Yeah its been great lately. I just hope this hurricane doesn't mess everything up...


----------



## Smackdaddy53 (Dec 31, 2012)

Griffinz33 said:


> Yeah its been great lately. I just hope this hurricane doesn't mess everything up...


Mother Nature doesn’t work around humans. We have to adapt just like everything else. 
After hurricane Harvey fishing was better than it had been in many years.


----------



## Griffinz33 (May 8, 2018)

Smackdaddy53 said:


> Mother Nature doesn’t work around humans. We have to adapt just like everything else.
> After hurricane Harvey fishing was better than it had been in many years.

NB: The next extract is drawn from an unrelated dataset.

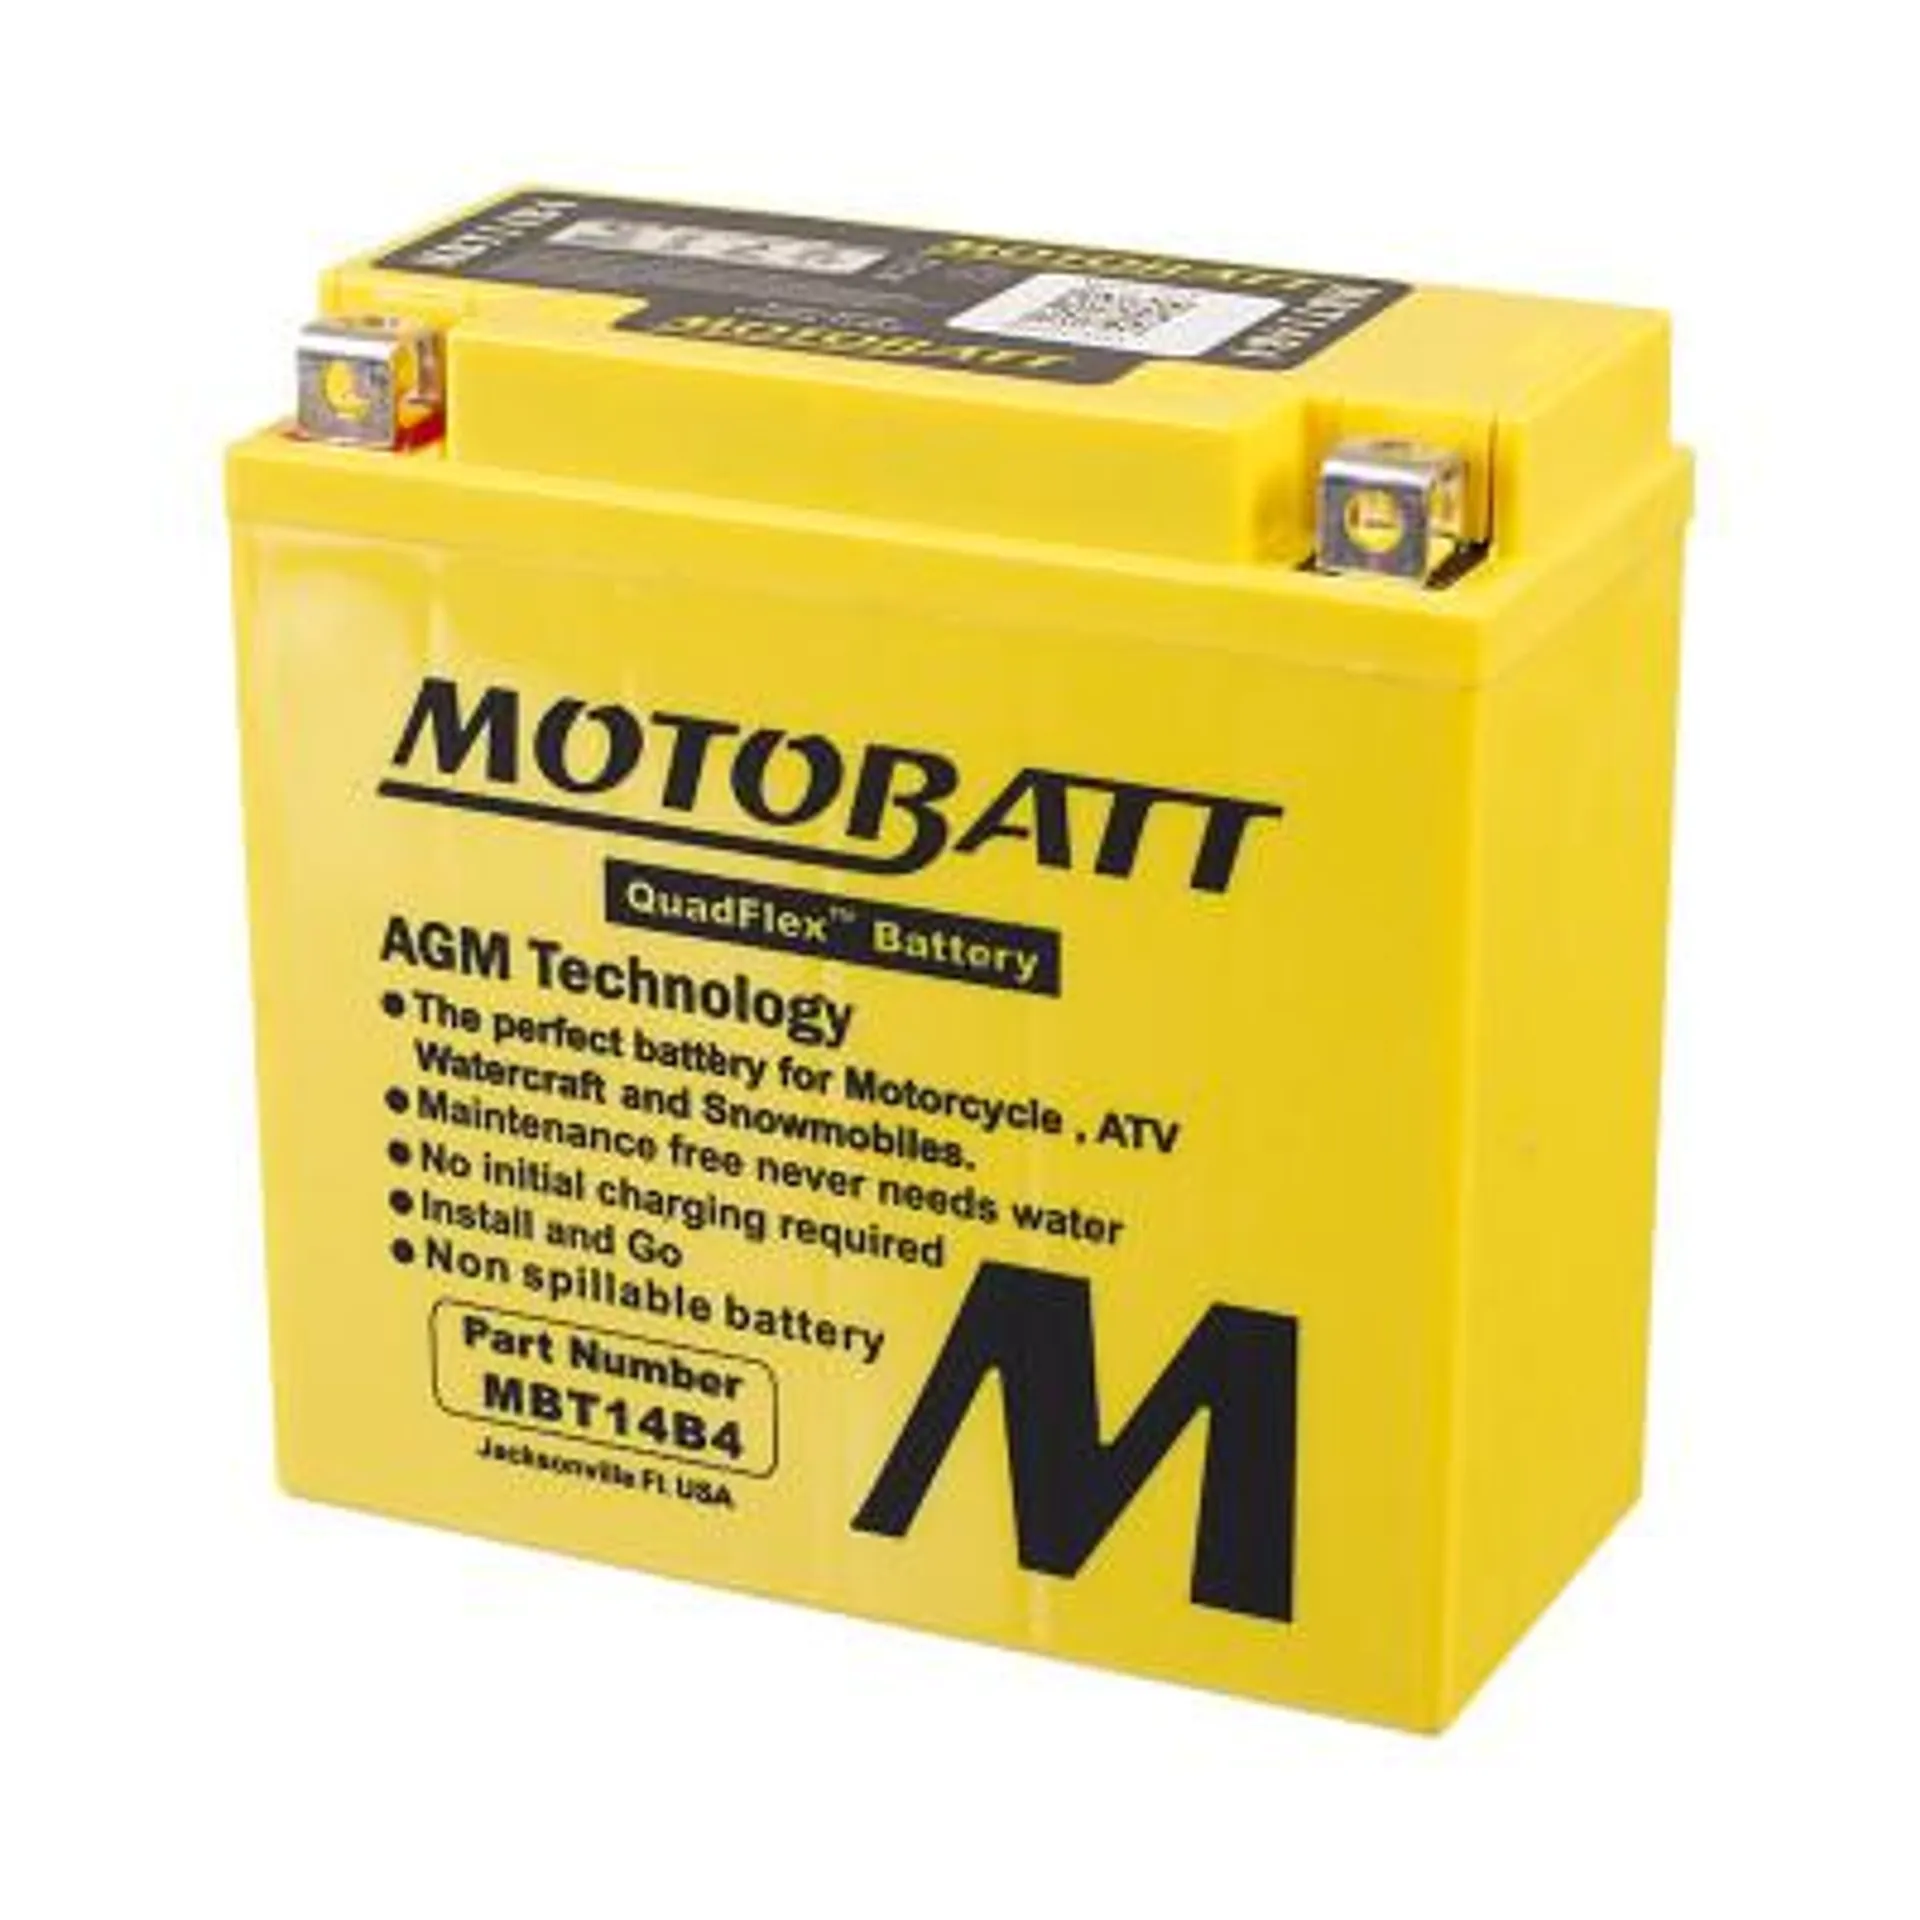 MBT14B-4 12V Motobatt Battery

Florence did the opposite here in NC. Fishing was terrible for a while but its almost back to what it was before the hurricane.


----------



## Ice Cream Man (Jul 16, 2017)

Hope Jim stay away.......ICM


----------



## Griffinz33 (May 8, 2018)

Caught this 25" on a top dog midday on Monday. Overcast and windy but it came completely out of the water and T-boned it. It looks a lot smaller in the picture.


----------



## Griffinz33 (May 8, 2018)

Did pretty well on the fly yesterday. Caught 4 reds and 1 flatty on the fly. All sightfished and like 15-19 inchers (all small sadly)


----------



## richg99 (Nov 28, 2009)

You still had a good day. A 19-inch red will out-pull most any freshwater bass of any size, IMHO.


----------



## Ice Cream Man (Jul 16, 2017)

Griffinz33 said:


> Did pretty well on the fly yesterday. Caught 4 reds and 1 flatty on the fly. All sightfished and like 15-19 inchers (all small sadly)


That's much better than I did. 1 bump was it, not even a hook up........ICM


----------



## Griffinz33 (May 8, 2018)

Have been doing great on the reds lately. Have been fishing one school and been catching them on everything I have thrown and caught 4 there today. Found a motherland of trout today in the very back of a creek as well but only was able to get one to eat. Also found one of the most massive group of a wintertime school of redfish/trout yesterday: hundreds of trout and hundreds of reds with quite a few trout that would be citations and a lot of slot reds (the most slot reds I have seen inshore all winter).


----------



## Ice Cream Man (Jul 16, 2017)

Griffinz33 said:


> Have been doing great on the reds lately. Have been fishing one school and been catching them on everything I have thrown and caught 4 there today. Found a motherland of trout today in the very back of a creek as well but only was able to get one to eat. Also found one of the most massive group of a wintertime school of redfish/trout yesterday: hundreds of trout and hundreds of reds with quite a few trout that would be citations and a lot of slot reds (the most slot reds I have seen inshore all winter).






















Slow down. Griffin may have to change your name to "Loose Lips".....ICM


----------



## hgyt65 (May 18, 2020)

I agree


----------